**What the exercise asks**
From top to bottom, retype the data exactly, passing over any picture.

**Supplied information**
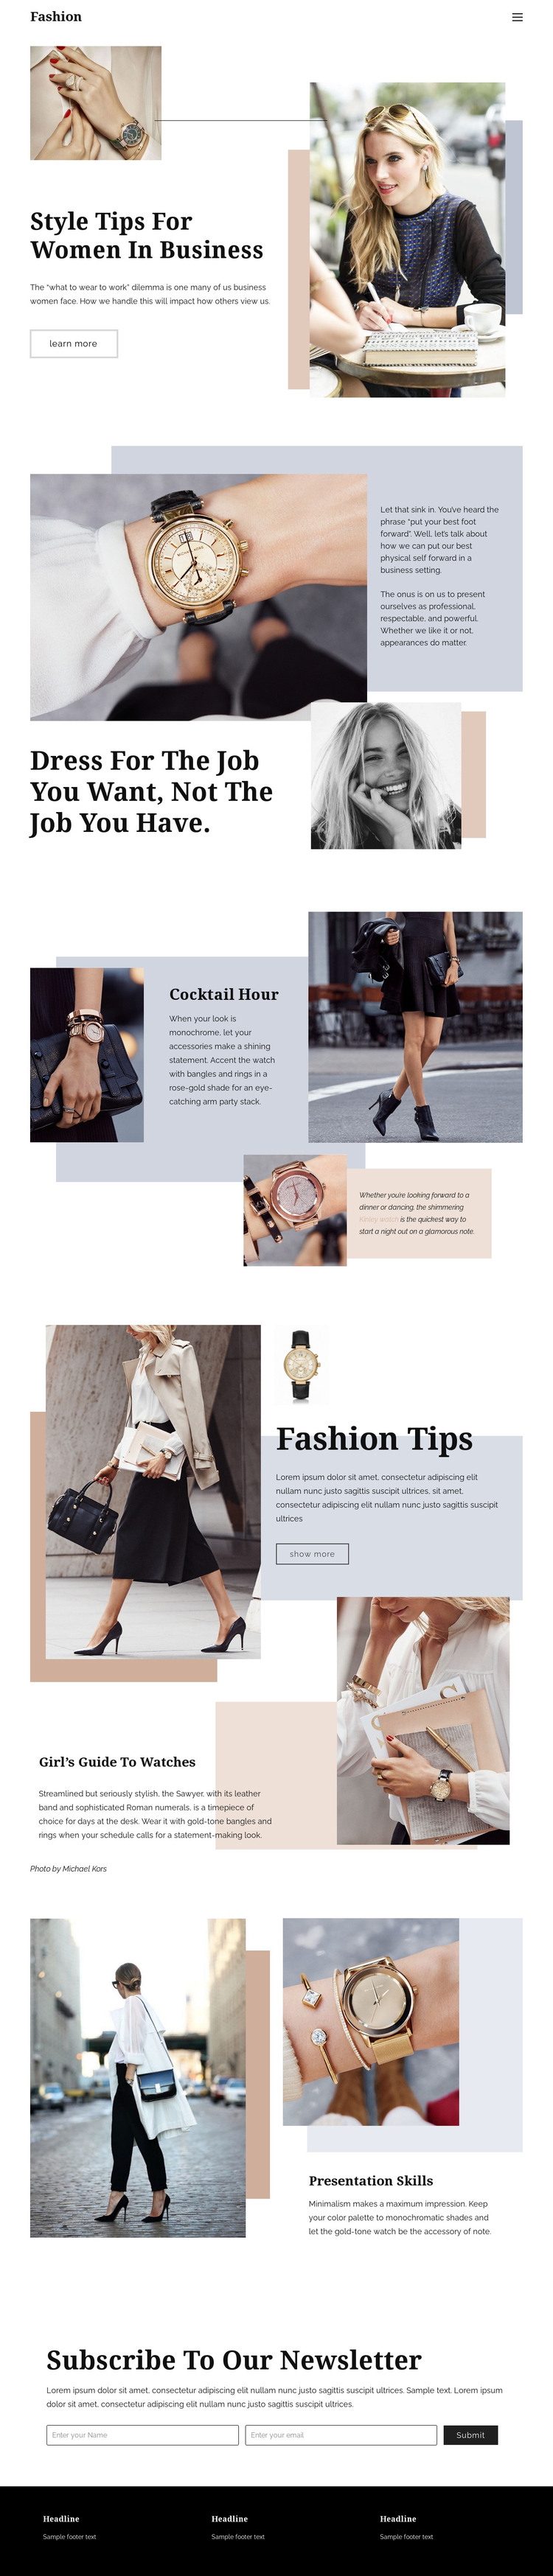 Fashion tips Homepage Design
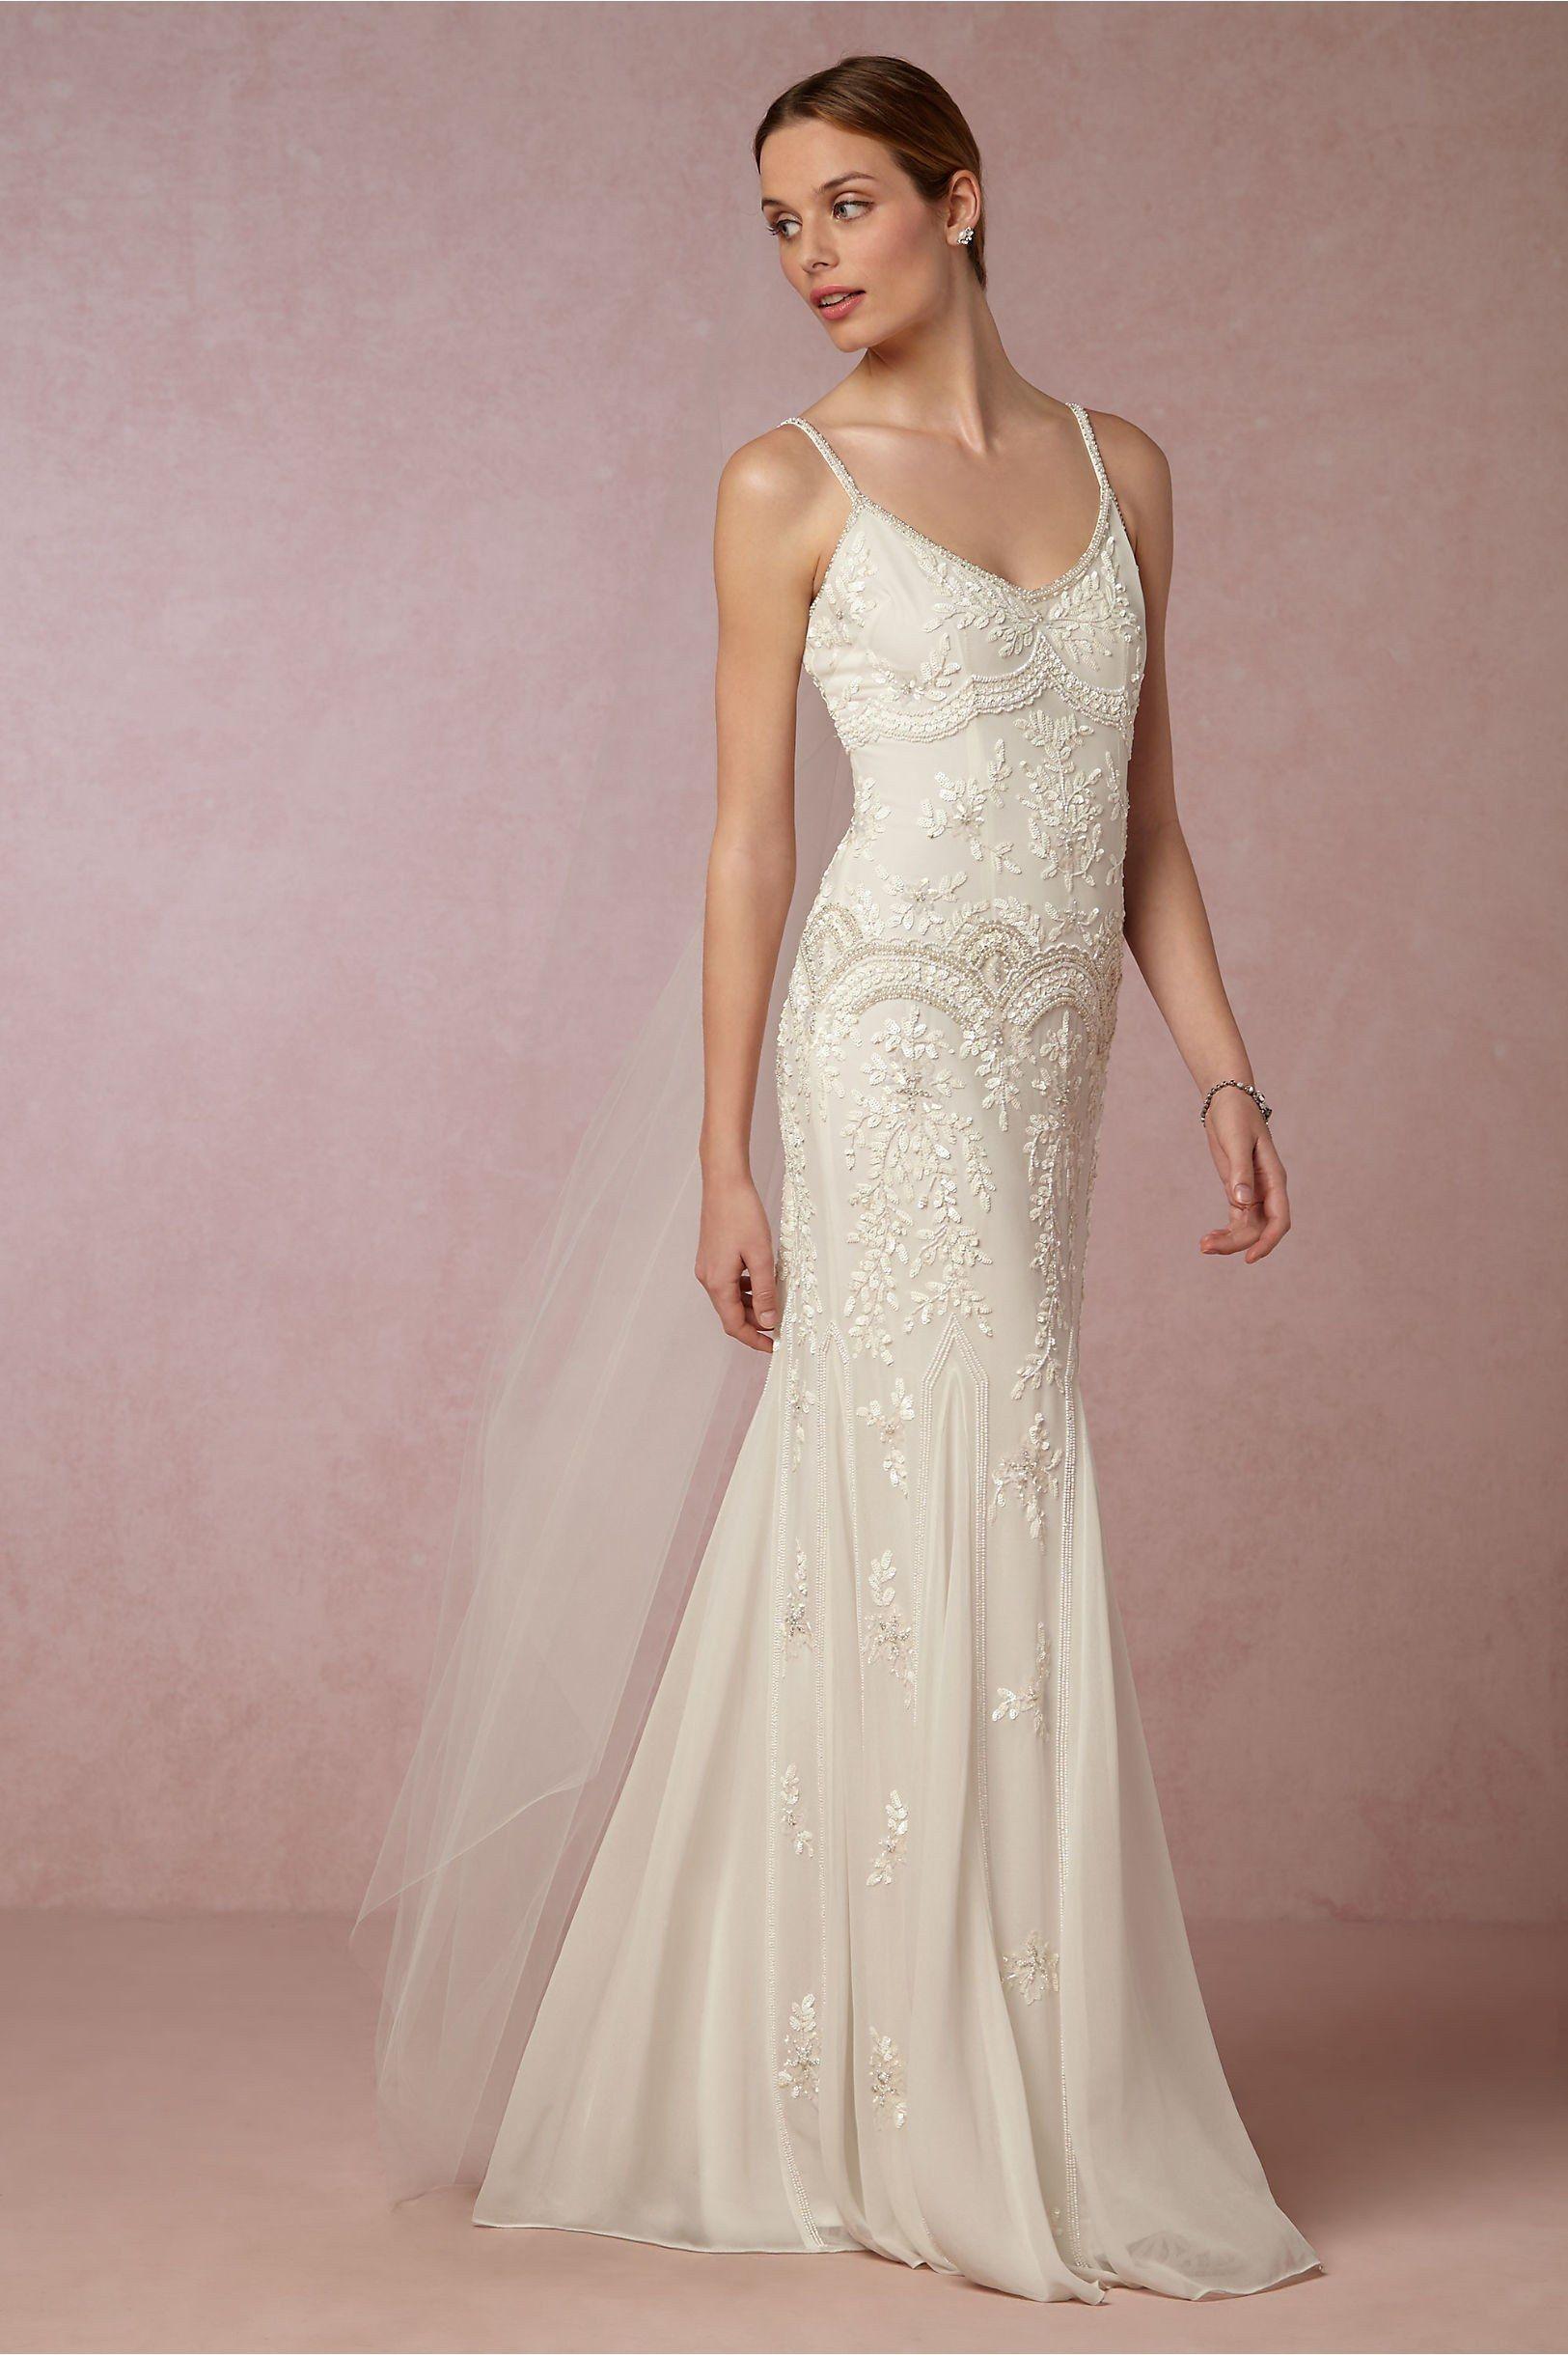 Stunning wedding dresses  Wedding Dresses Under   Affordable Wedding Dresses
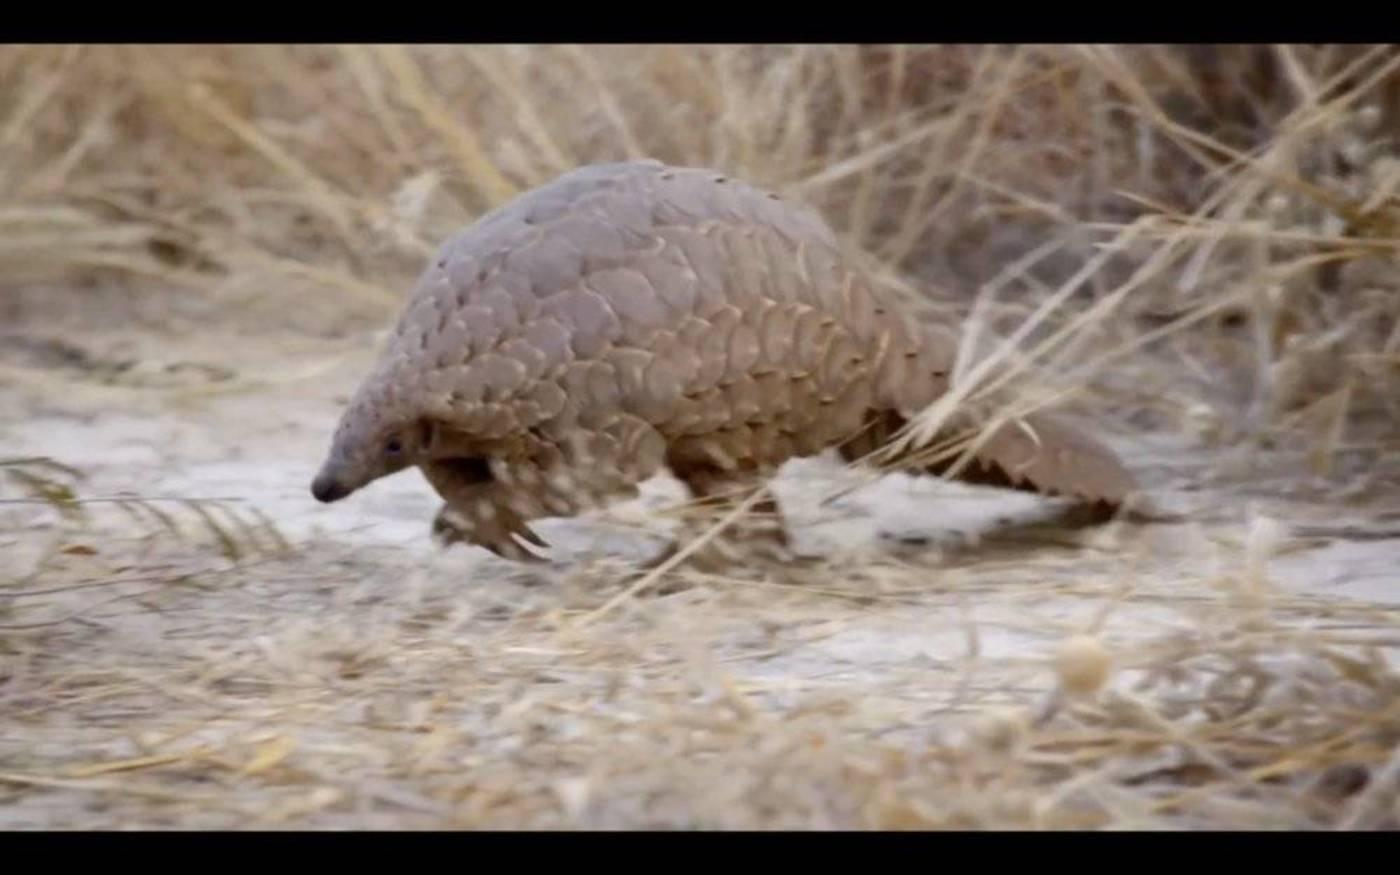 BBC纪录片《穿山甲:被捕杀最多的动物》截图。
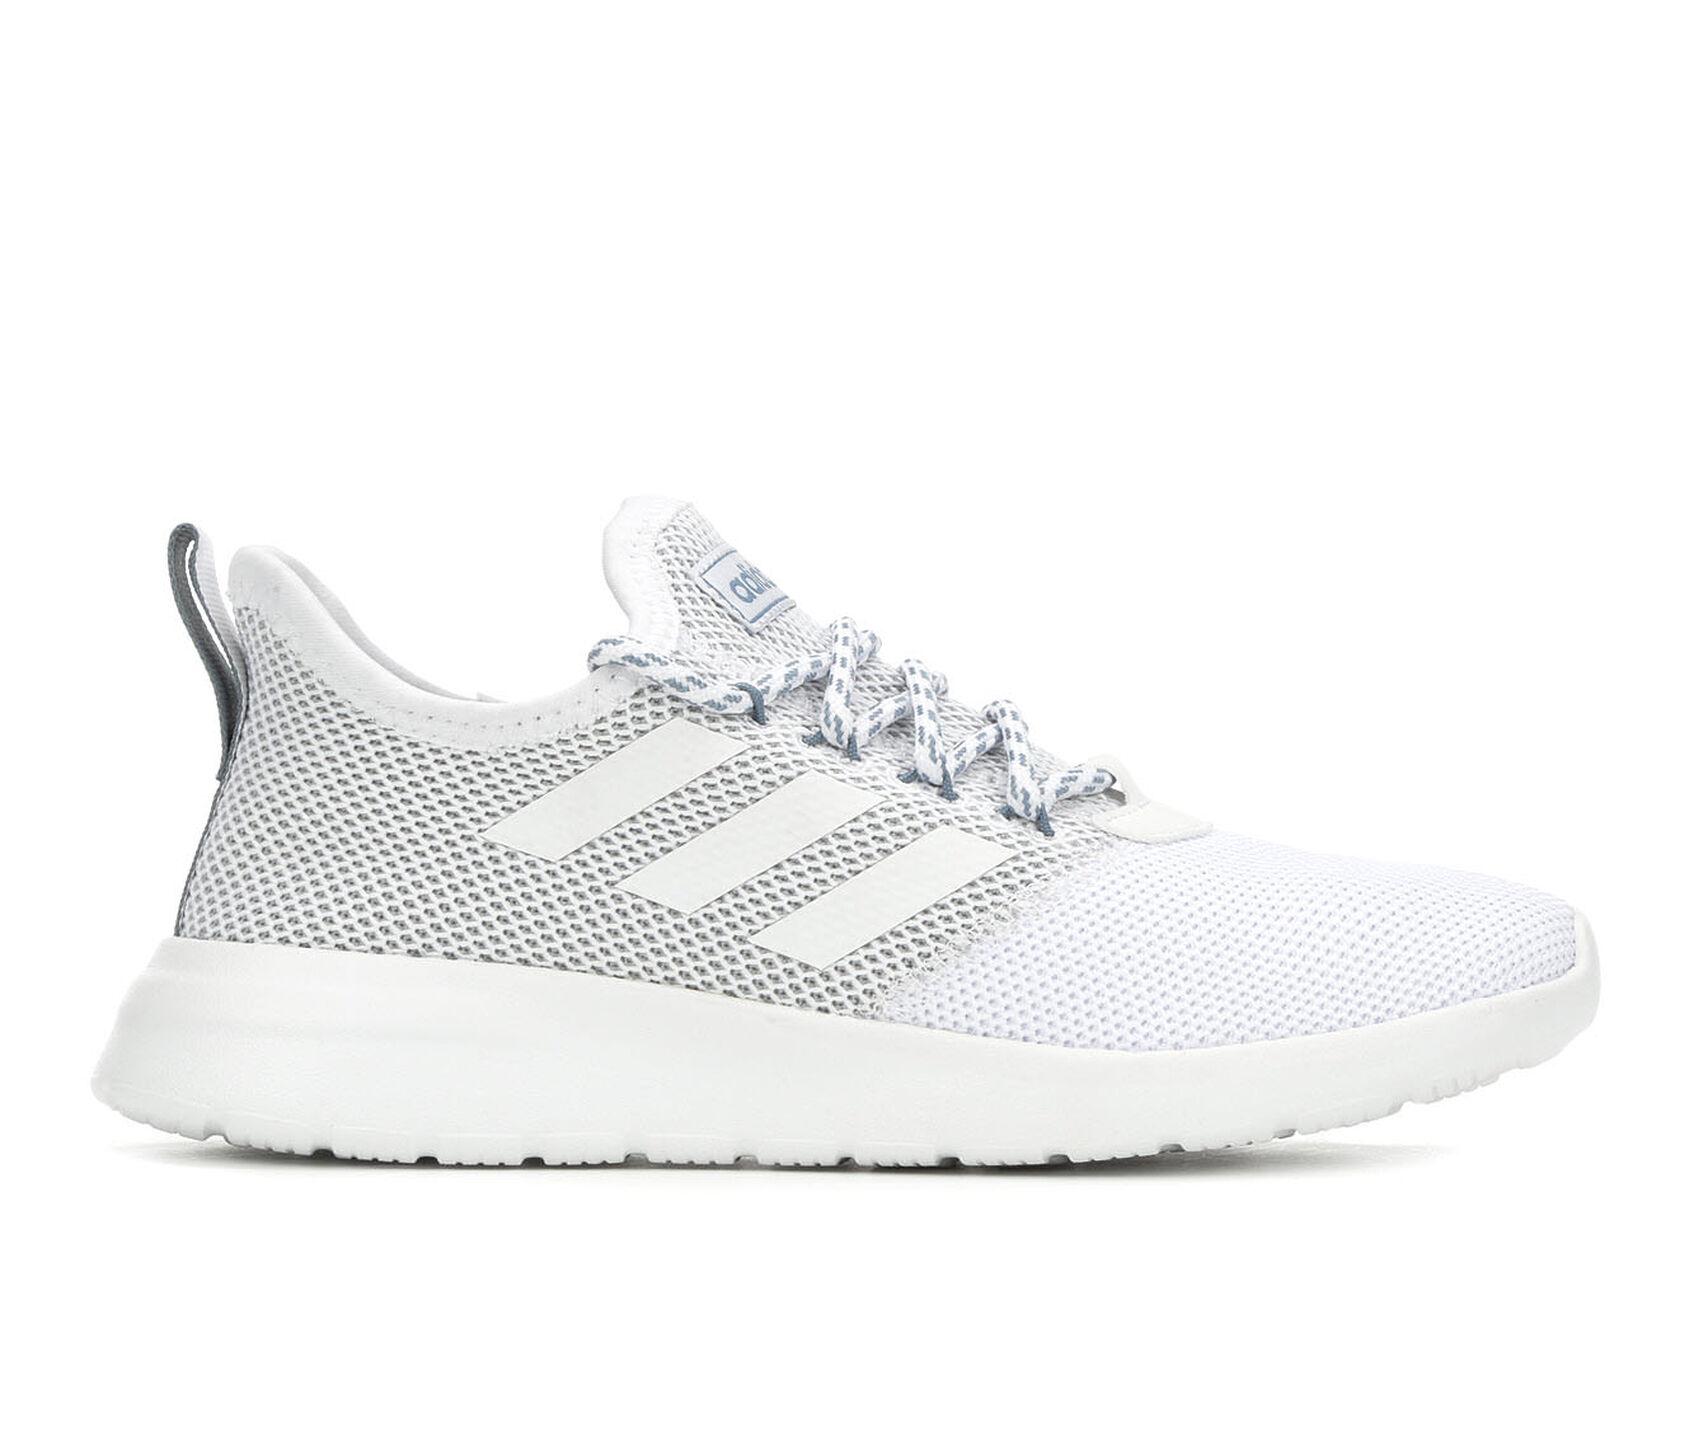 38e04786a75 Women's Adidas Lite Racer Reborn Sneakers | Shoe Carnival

**Exercise output**
 Fashion tips Homepage Design
 Stunning wedding dresses  Wedding Dresses Under   Affordable Wedding Dresses
 BBC纪录片《穿山甲:被捕杀最多的动物》截图。
 38e04786a75 Women's Adidas Lite Racer Reborn Sneakers | Shoe Carnival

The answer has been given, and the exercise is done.